-- Exercise instructions --
The lines to be extracted begin at the line containing "Bright coloring drawing" and end at the last line of the data below; copy them exactly and leave out the pictures.

-- The data --
★ ★ ★ ★ ★ ★ ★

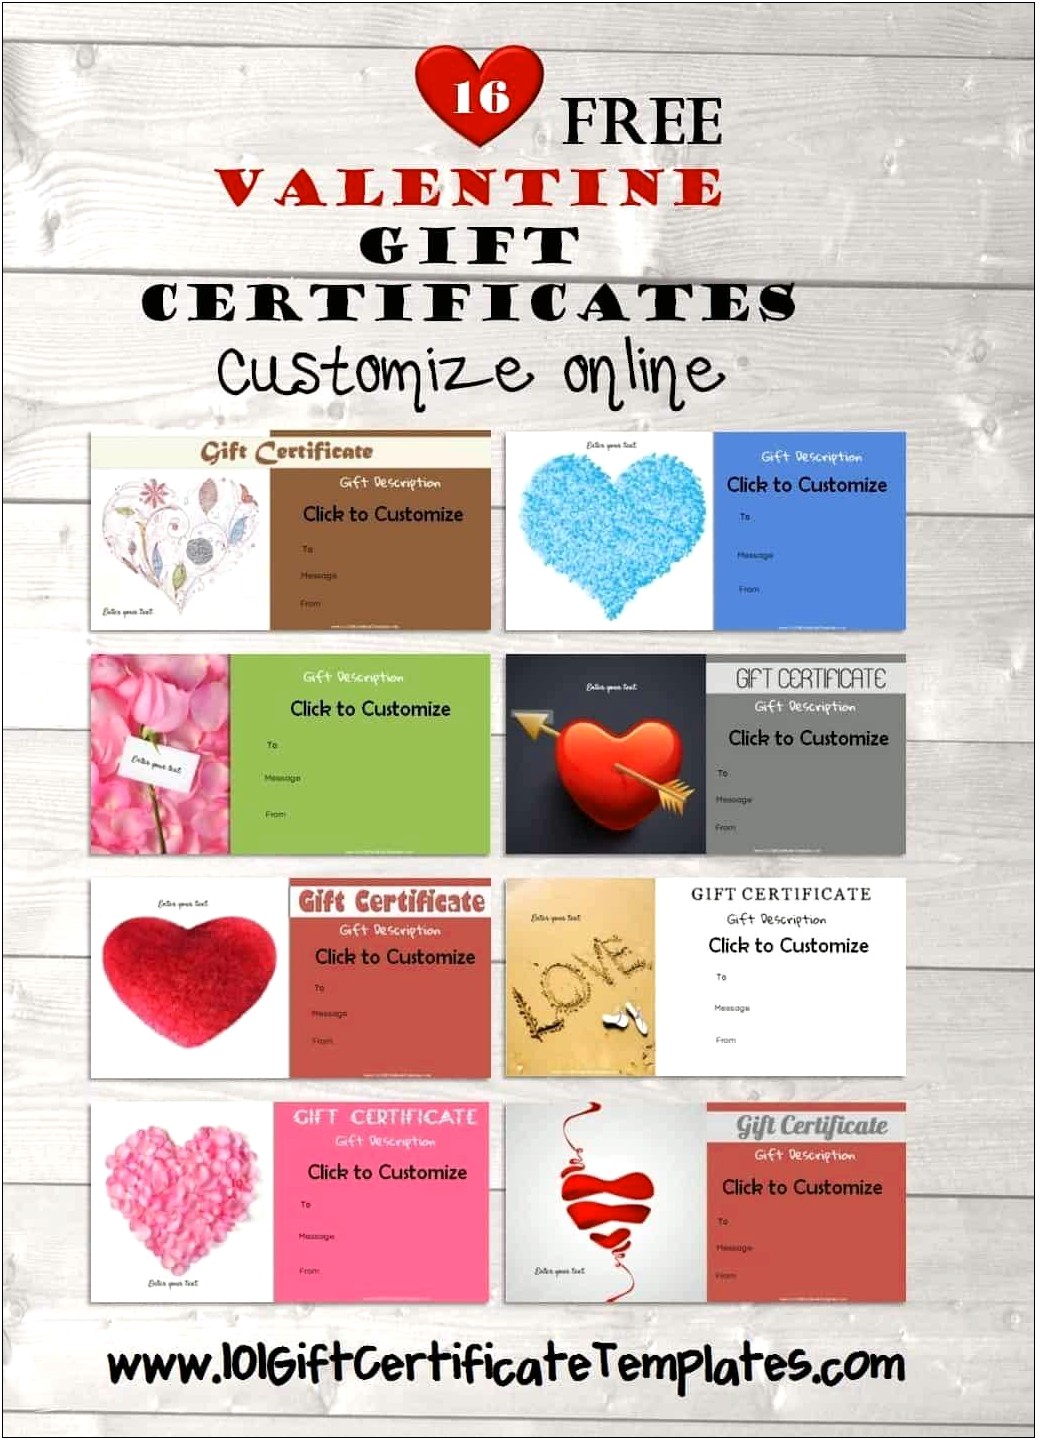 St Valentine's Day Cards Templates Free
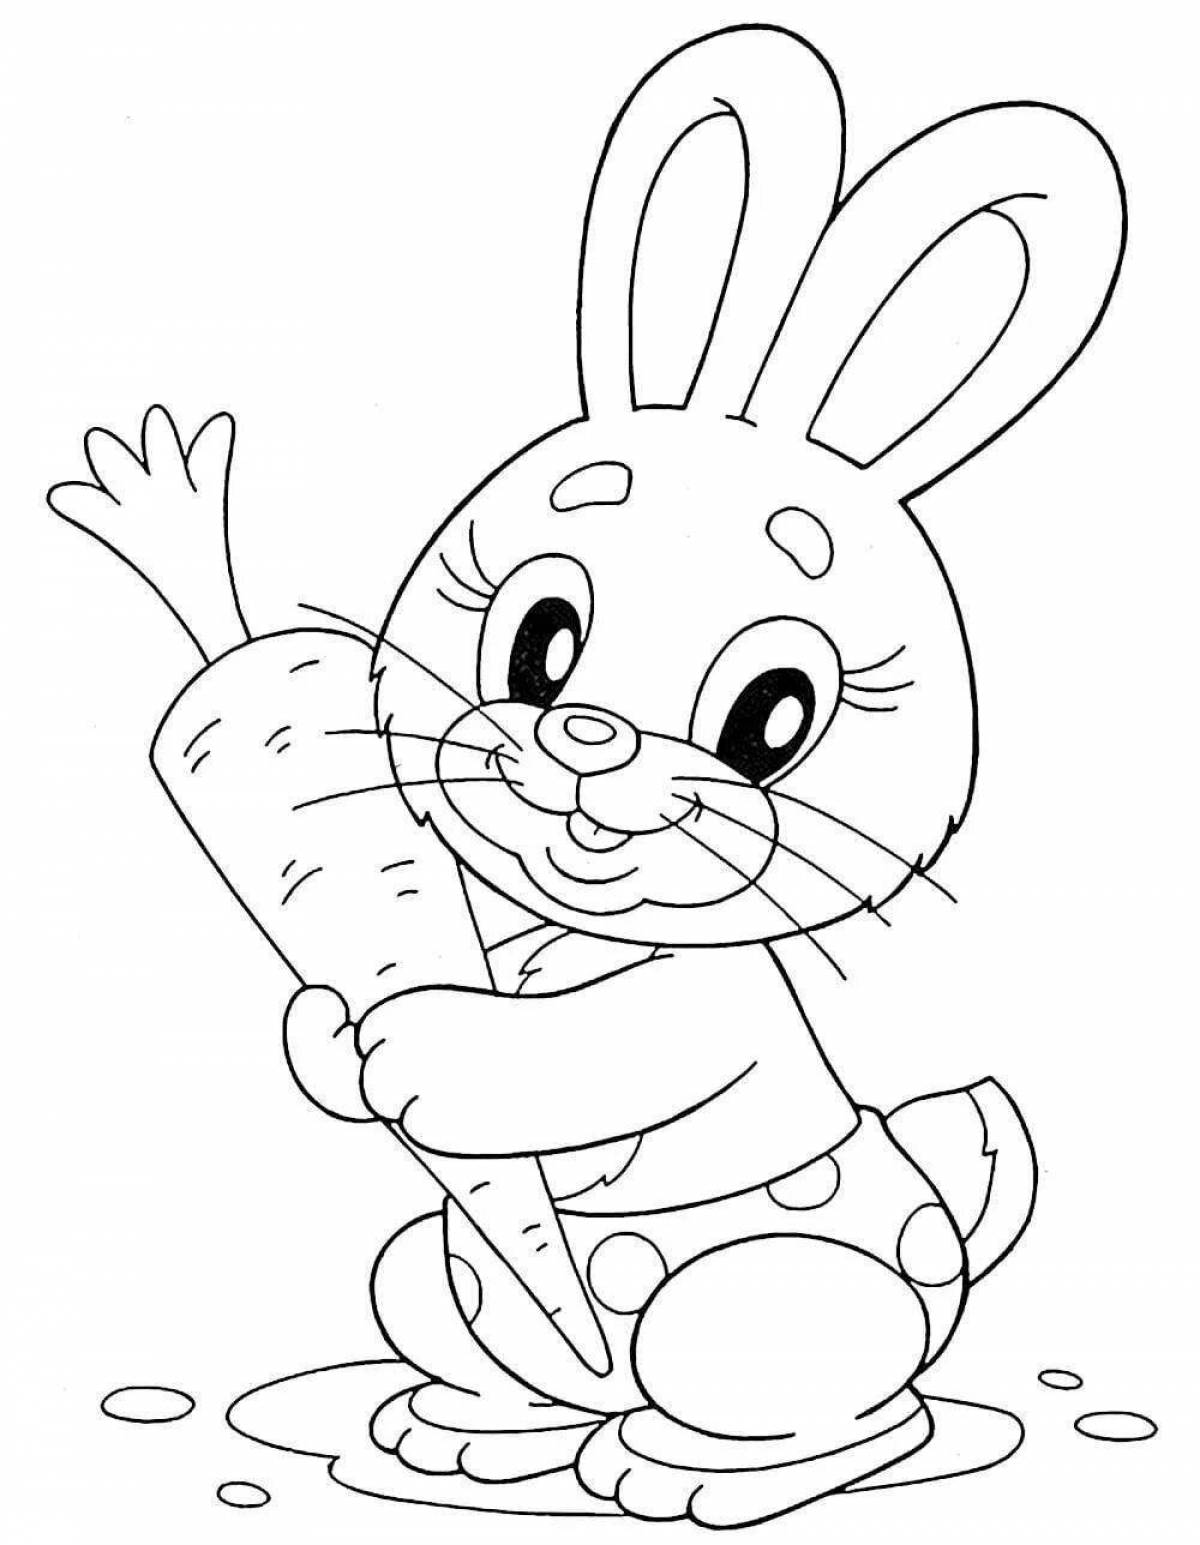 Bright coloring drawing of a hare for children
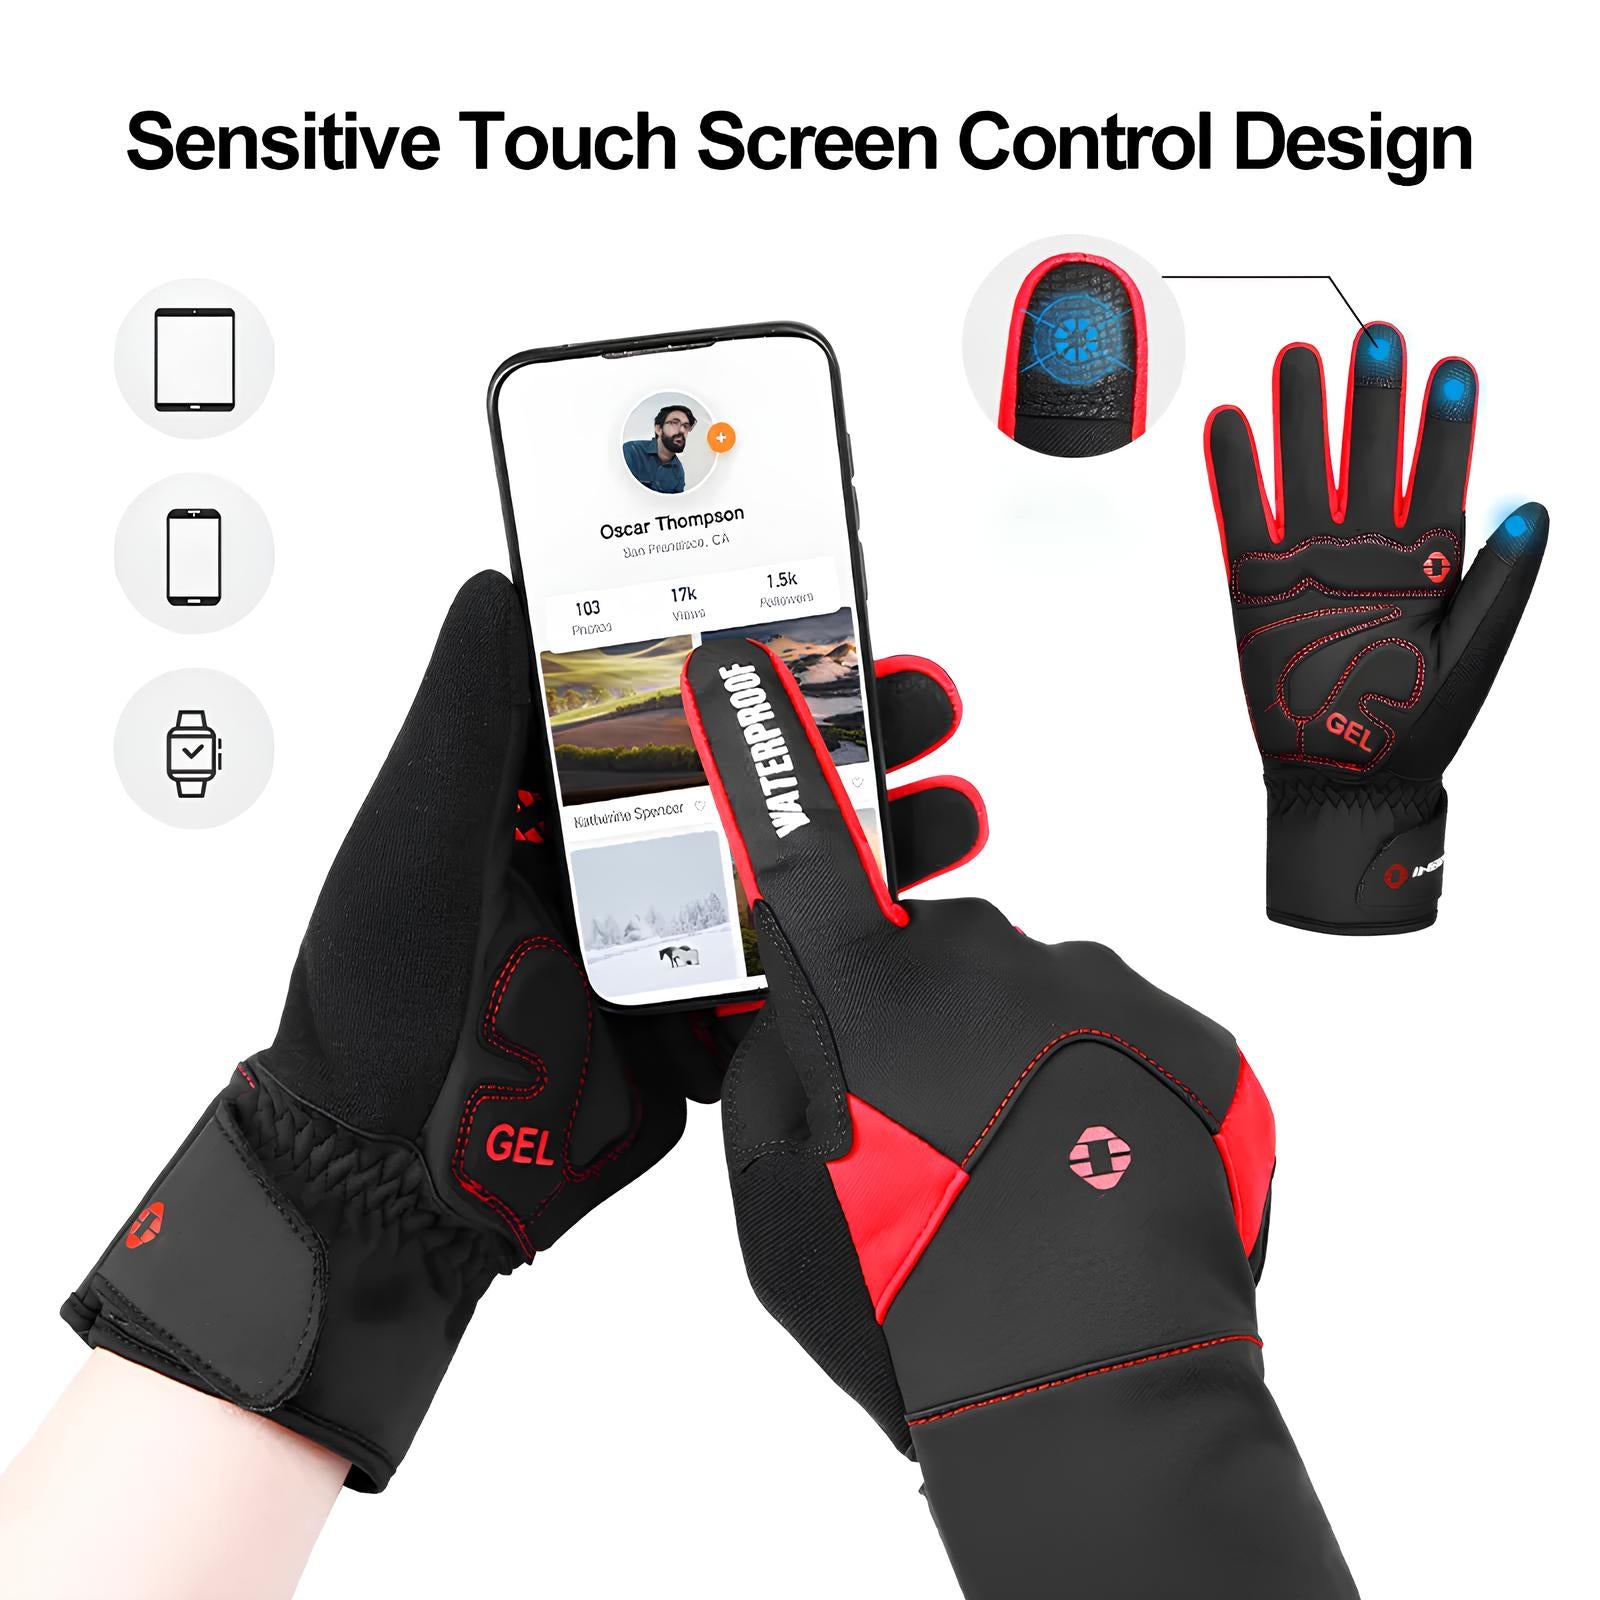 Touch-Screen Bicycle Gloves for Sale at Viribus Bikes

★ ★ ★ ★ ★ ★ ★

-- Task answer --
 Bright coloring drawing of a hare for children
 Touch-Screen Bicycle Gloves for Sale at Viribus Bikes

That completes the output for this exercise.